Nov 17, 2022 - Sale 2622

Sale 2622 - Lot 33

Price Realized: $ 4,750
?Final Price Realized includes Buyer’s Premium added to Hammer Price
Estimate: $ 4,000 - $ 6,000
GRACE HARTIGAN
This So-Called Angel.

Color screenprint on Hahnemühle paper, 1960. 440x357 mm; 17 1/2x14 1/4 inches, full margins. The deluxe edition of 23, aside from the book edition of 200. Signed, dated "61", inscribed "Special Edition" and numbered 5/23 in pencil, lower margin. Published by Tiber Press, New York. A superb, richly-inked impression with strong colors.

Hartigan (1922-2008) was among the foremost female artists of the Abstract Expressionists--along with Joan Mitchell and Helen Frankenthaler--and a centerpiece of the New York school that included friends Jackson Pollock, Larry Rivers, Frankenthaler, Willem and Elaine de Kooning and Franz Kline. She was the only woman artist in The MoMA's seminal 1958-59 exhibition "The New American Painting" which visited eight European countries over the course of a year, showcasing 17 different American artists and altering European perception of American art.

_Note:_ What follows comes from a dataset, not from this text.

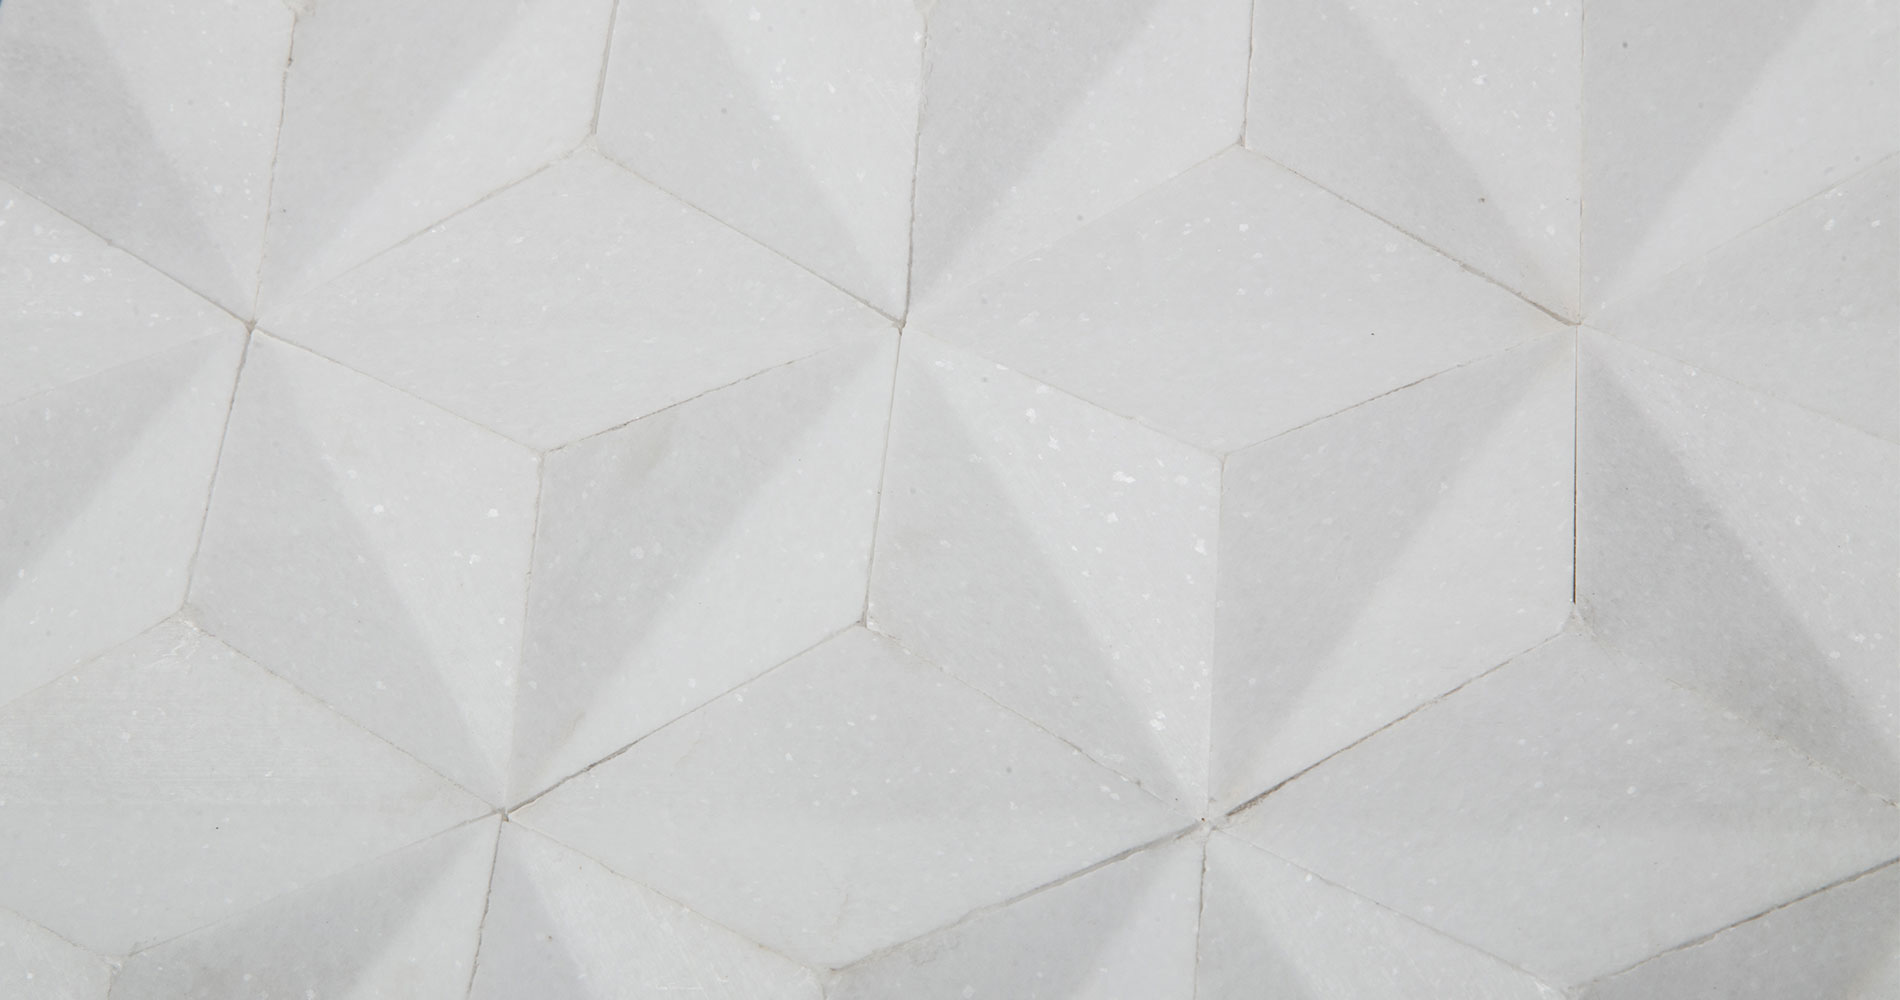 centurymosaic-white-thassos-3D-Rhombus-Marble-Mosaic-Tile-2
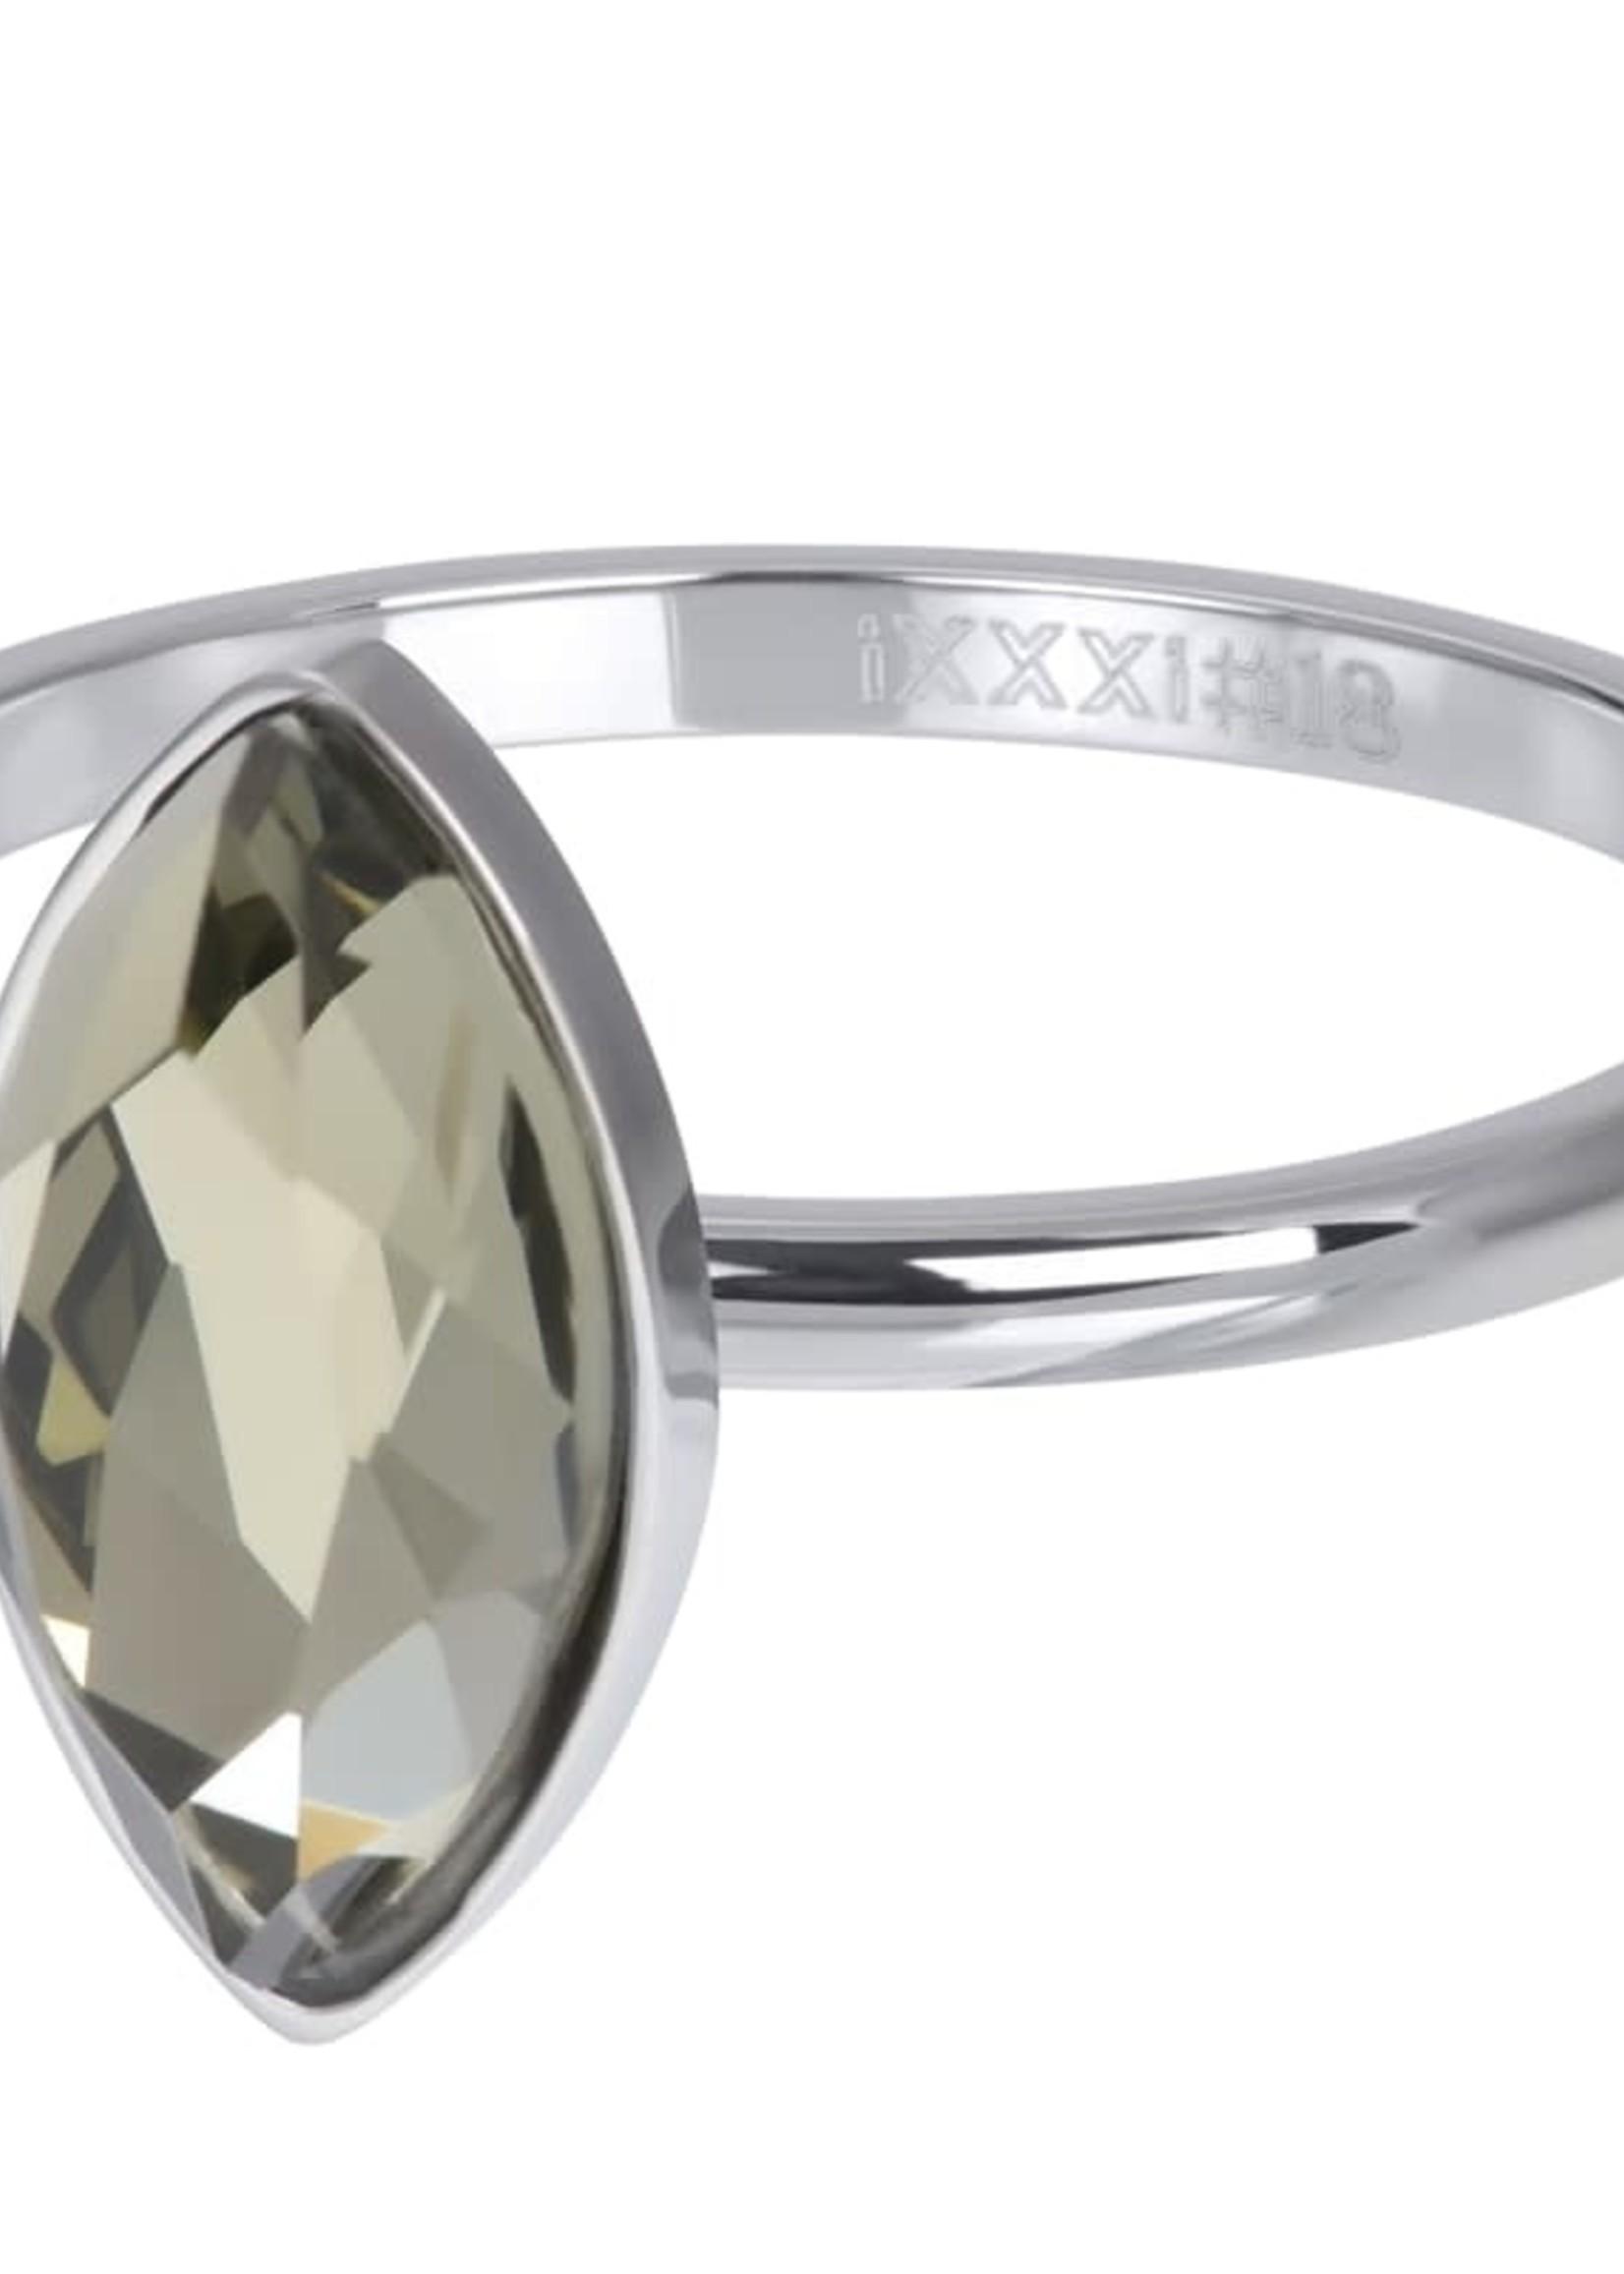 iXXXi ringen iXXXi Royal Diamond

During the 1960s, she relocated to Baltimore and, from 1965, worked at the Maryland Institute College of Art (MICA), where she was the director of the Hoffberger Graduate School of Painting.

Hartigan produced this and several other color screenprints to accompany three poems written by James Schuyler in 1960 and published in an illustrated volume by Tiber Press, New York. Each image was titled with a phrase from a poem that emphasized Hartigan's inspiration in the visual quality of the poem's imagery.